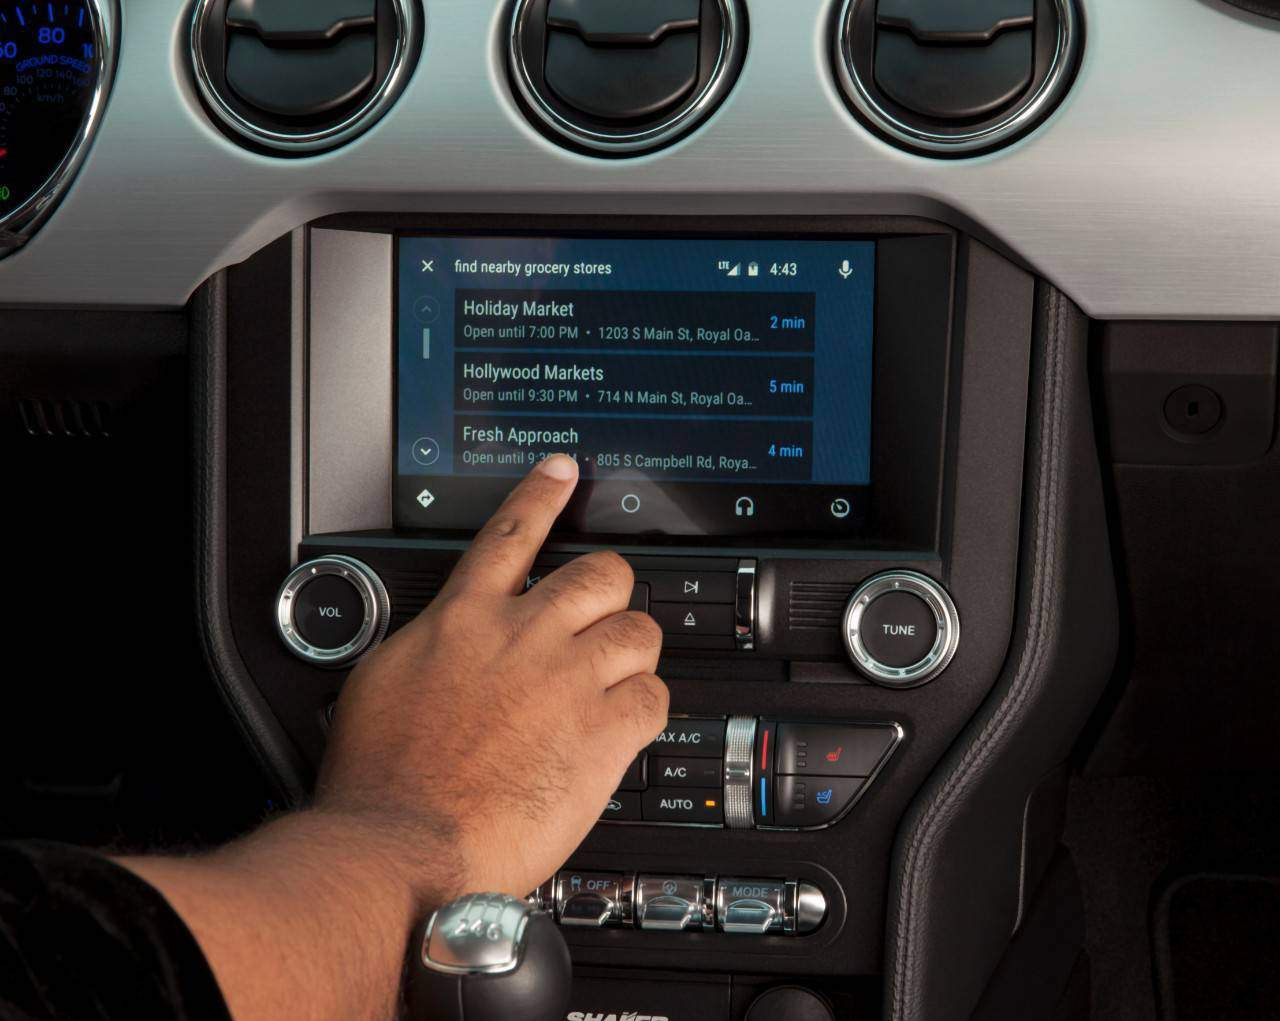 AndroidAuto 8133 HR
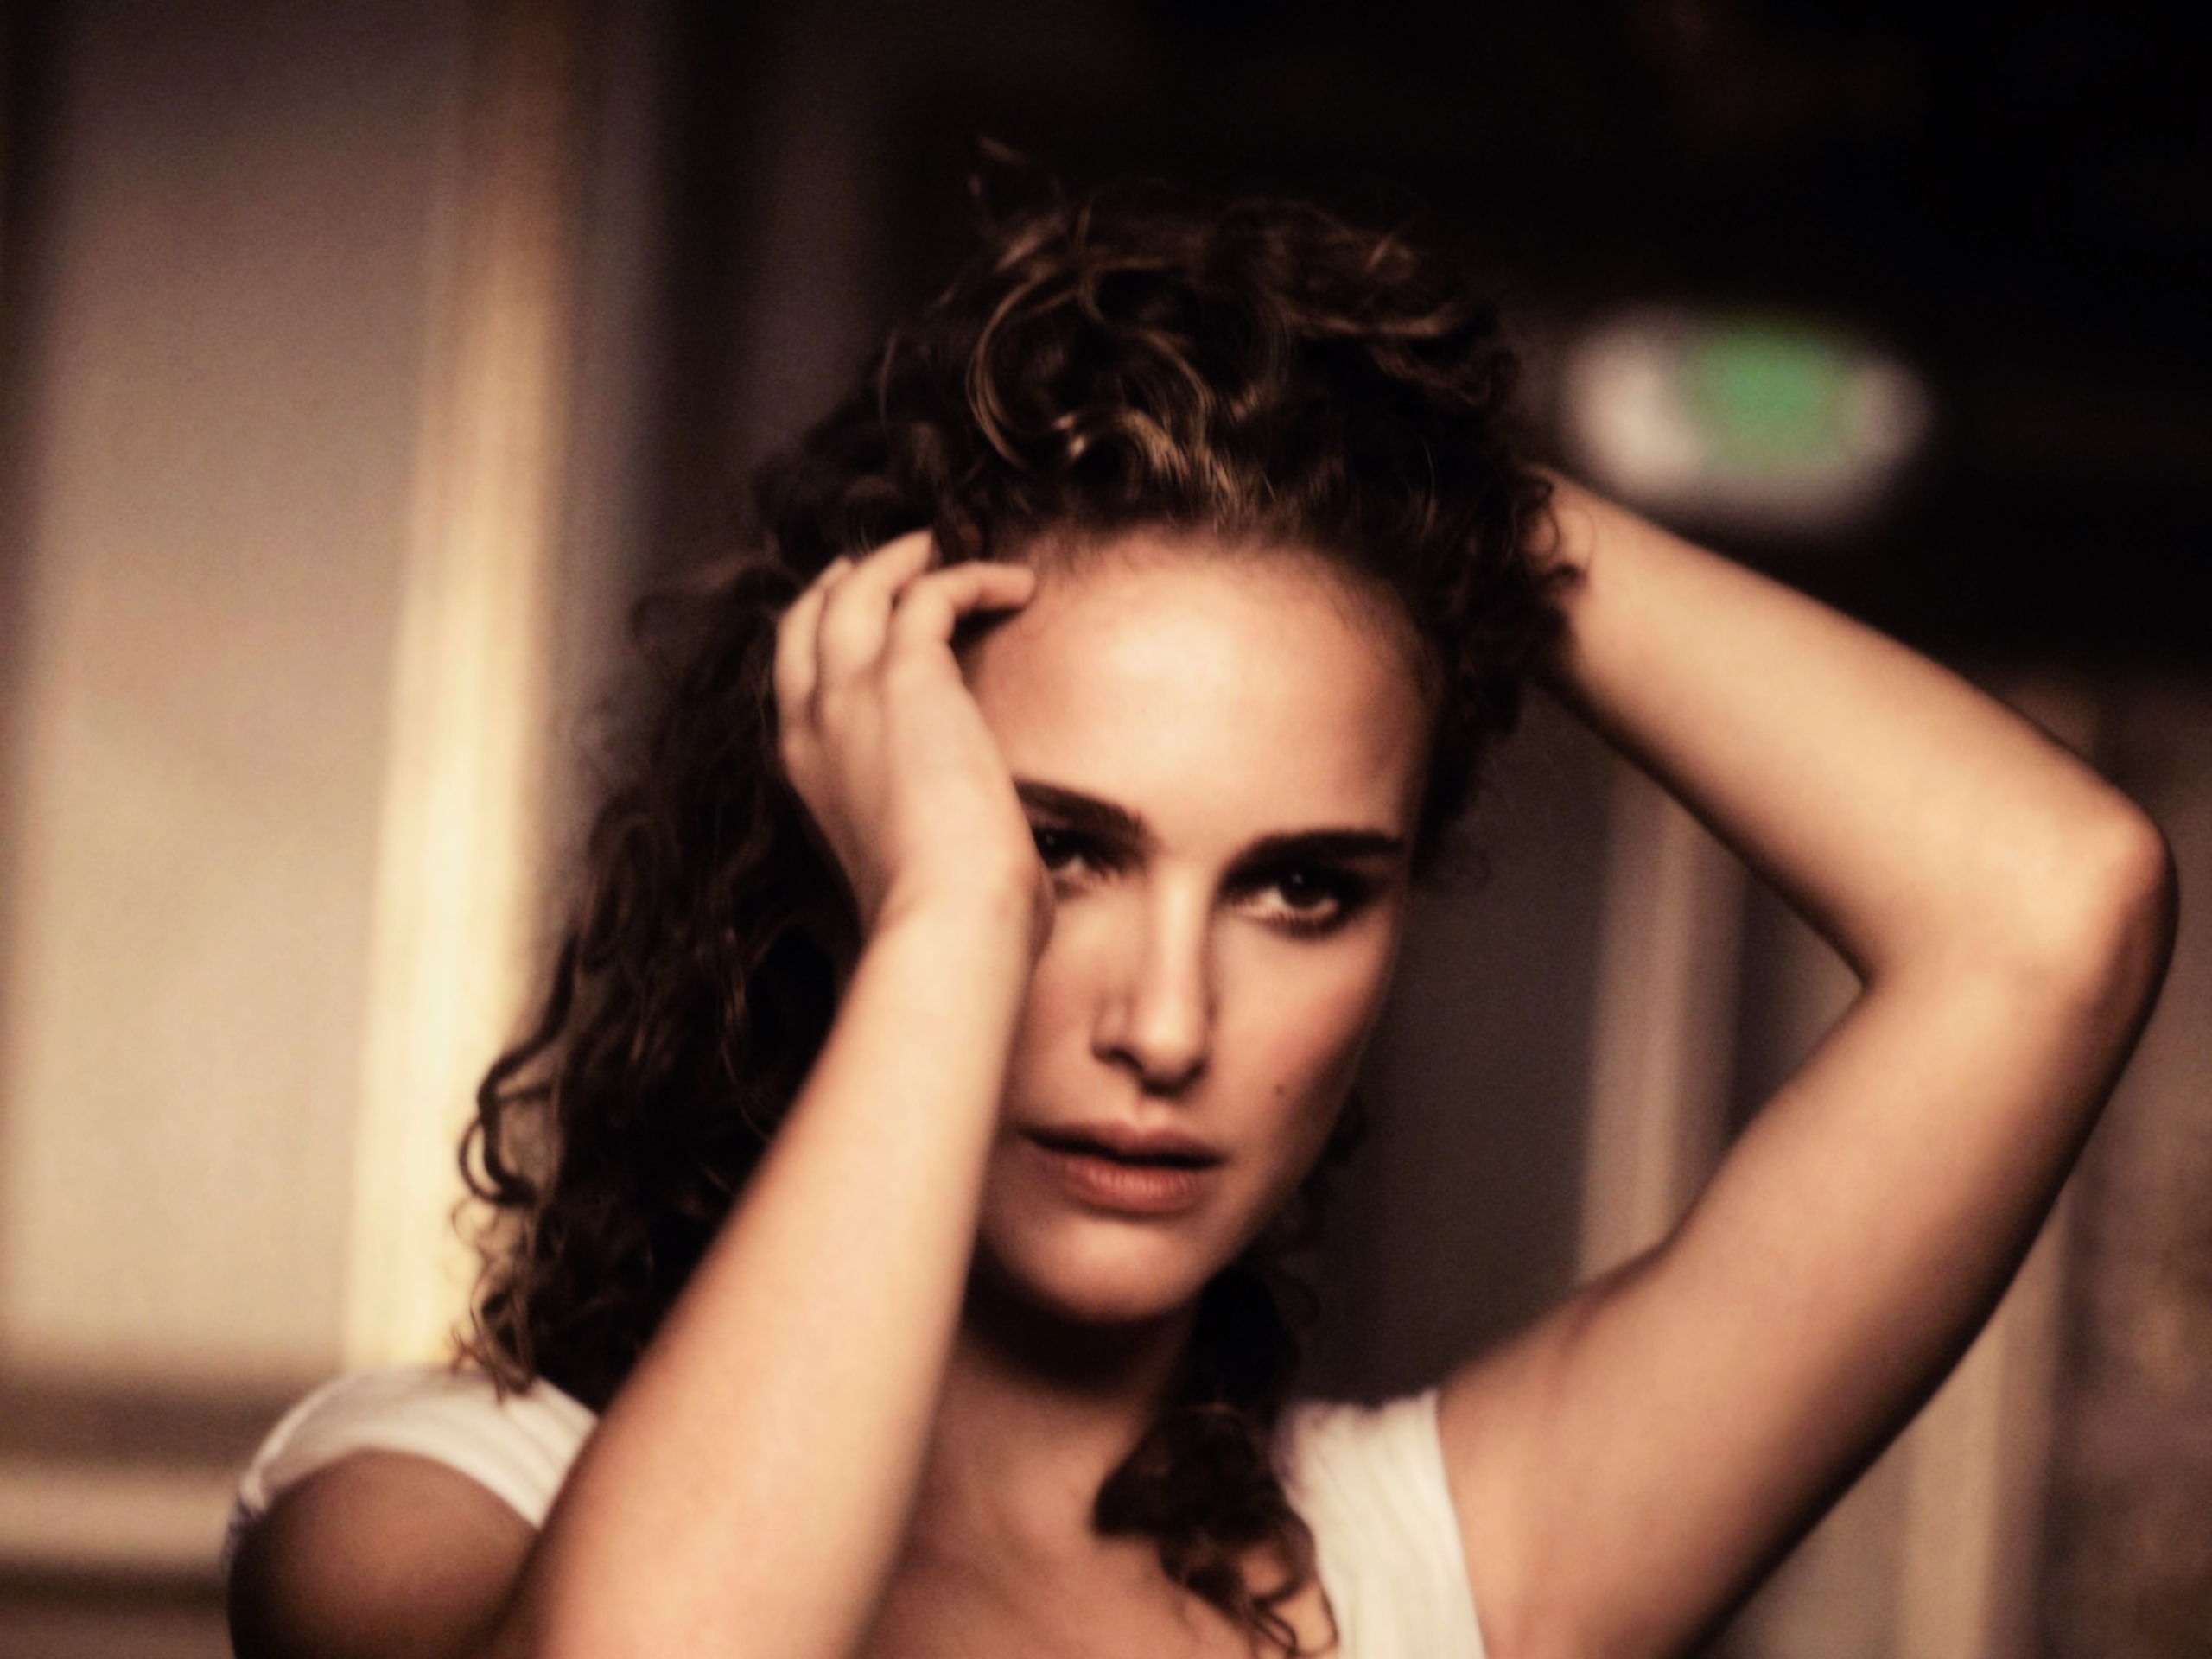 ICloud Natalie Portman naked (75 photos), Tits, Leaked, Twitter, bra 2017
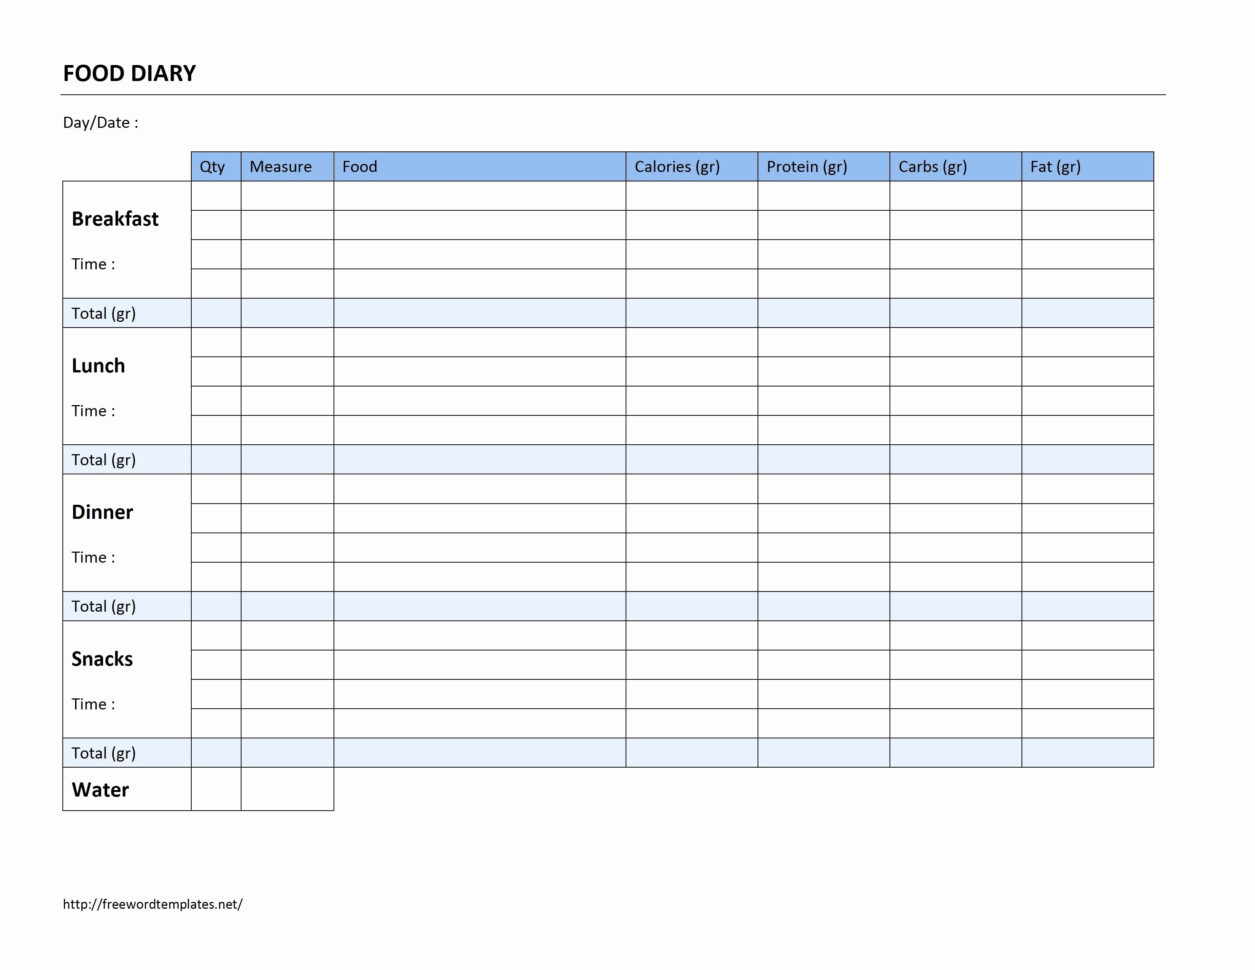 Recipe Costing Spreadsheet Google Spreadshee free recipe ...

### [Exercise directions]
Write every line of the data out again exactly, leaving out all images.

### [Written reply]
 AndroidAuto 8133 HR
 ICloud Natalie Portman naked (75 photos), Tits, Leaked, Twitter, bra 2017
 Recipe Costing Spreadsheet Google Spreadshee free recipe ...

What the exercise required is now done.